The evidence that we have today suggests that membrane voltage can be influenced by quantum level events, like the random movement of individual calcium ions. So there is every reason to believe that membrane voltage can be viewed, at least under some circumstances, as a formally indeterminate process of the type that precludes Popperian falsifiability. How does this membrane voltage influence action potential generation? Recall that cells receive a mixture of excitation and inhibition from thousands of synapses and that the ratio of this mixture is variable. Imagine that the correlations between the activity of the individual synapses impinging on a given cell were variable. Under conditions in which the activity of many synapses is correlated and the membrane voltage is driven either way above or way below its threshold for action potential generation, the network of neurons itself would maintain a largely determinate characteristic even though the synapses themselves might appear stochastic. Alternatively, when the synaptic activity is uncorrelated and the forces of excitation and inhibition are balanced, small uncorrelated fluctuations in synaptic probabilities drive cells above or below threshold. Under these conditions, indeterminacy in the synapses propagates to the membrane voltage and thence to the pattern of action potential generation. Indeterminacy in the pattern of action potential generation, although variable, would reflect a fundamental indeterminacy in the nervous system.

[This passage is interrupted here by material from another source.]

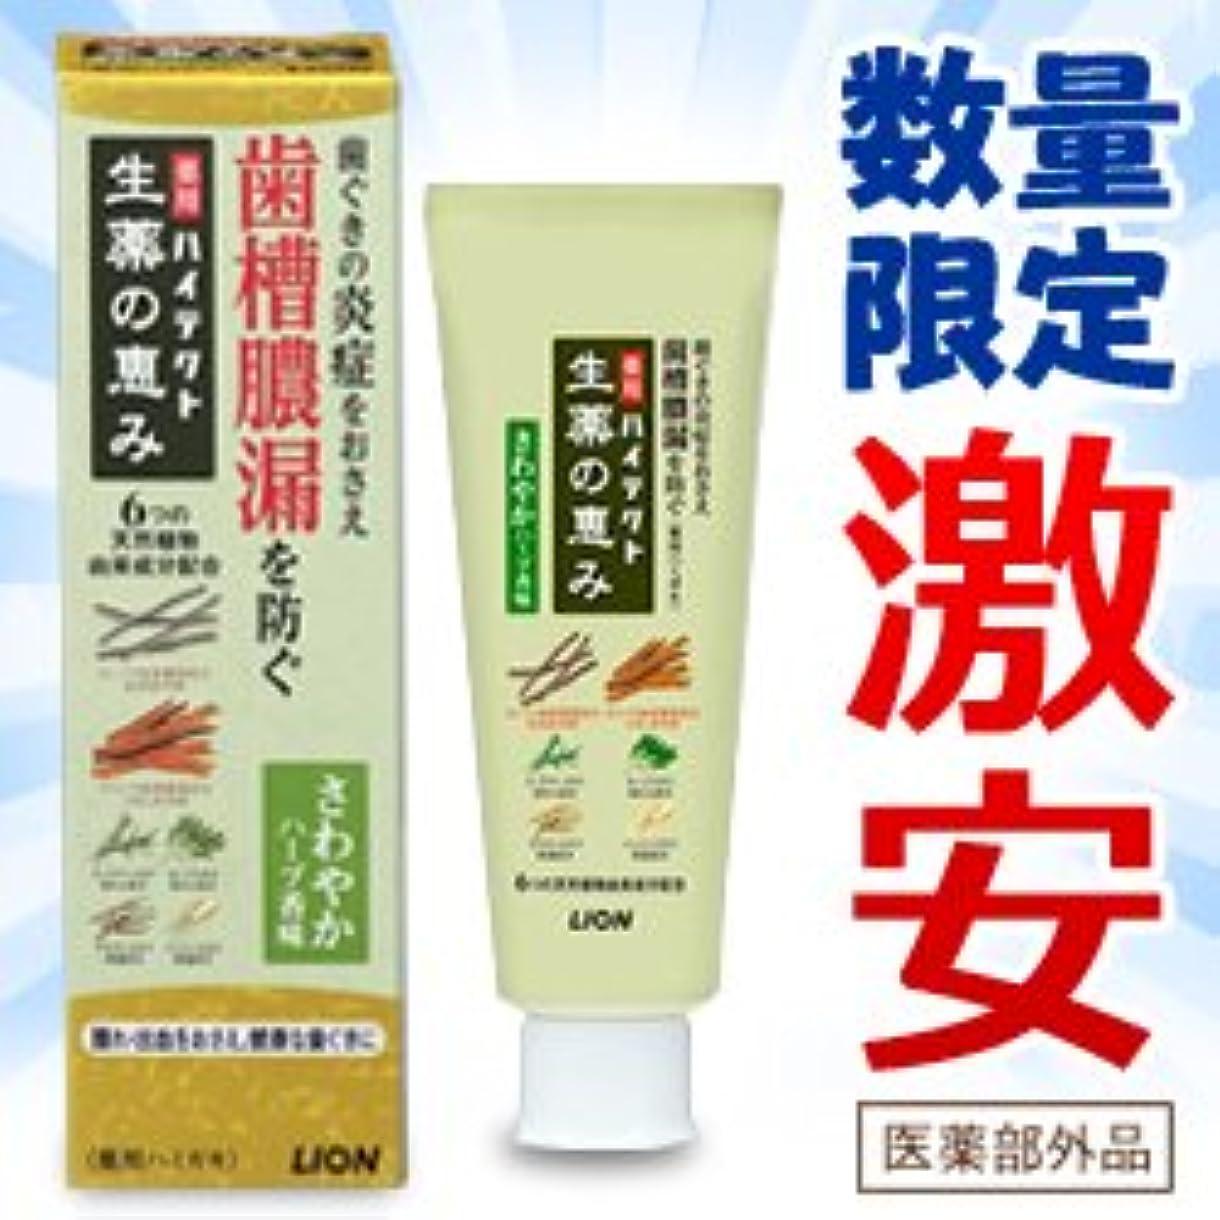 混合した盆細い【ライオン】ハイテクト 生薬の恵み さわやかハーブ香味90g×5個セット

At the level of behavior, apparent indeterminacy is reinforced by the environment and has been observed. Animals can produce behavior that appears to scientists to be indeterminate. How does this apparent indeterminacy arise? Given what we know about the behavior of synapses and action potentials, two possibilities present themselves. The fundamental indeterminacy observed at the cellular level could be prevented from influencing higher-level phenomena in the nervous system, rendering these higher-level phenomena determinate. These determinate processes could then instantiate pseudorandom computations that emulate the underlying cellular indeterminacy and yield apparently indeterminate behavior. Alternatively, we can propose the hypothesis that indeterminacy observed at the cellular level could propagate to behavior under some circumstances, yielding truly indeterminate behavior under some conditions and more determinate behaviors under others.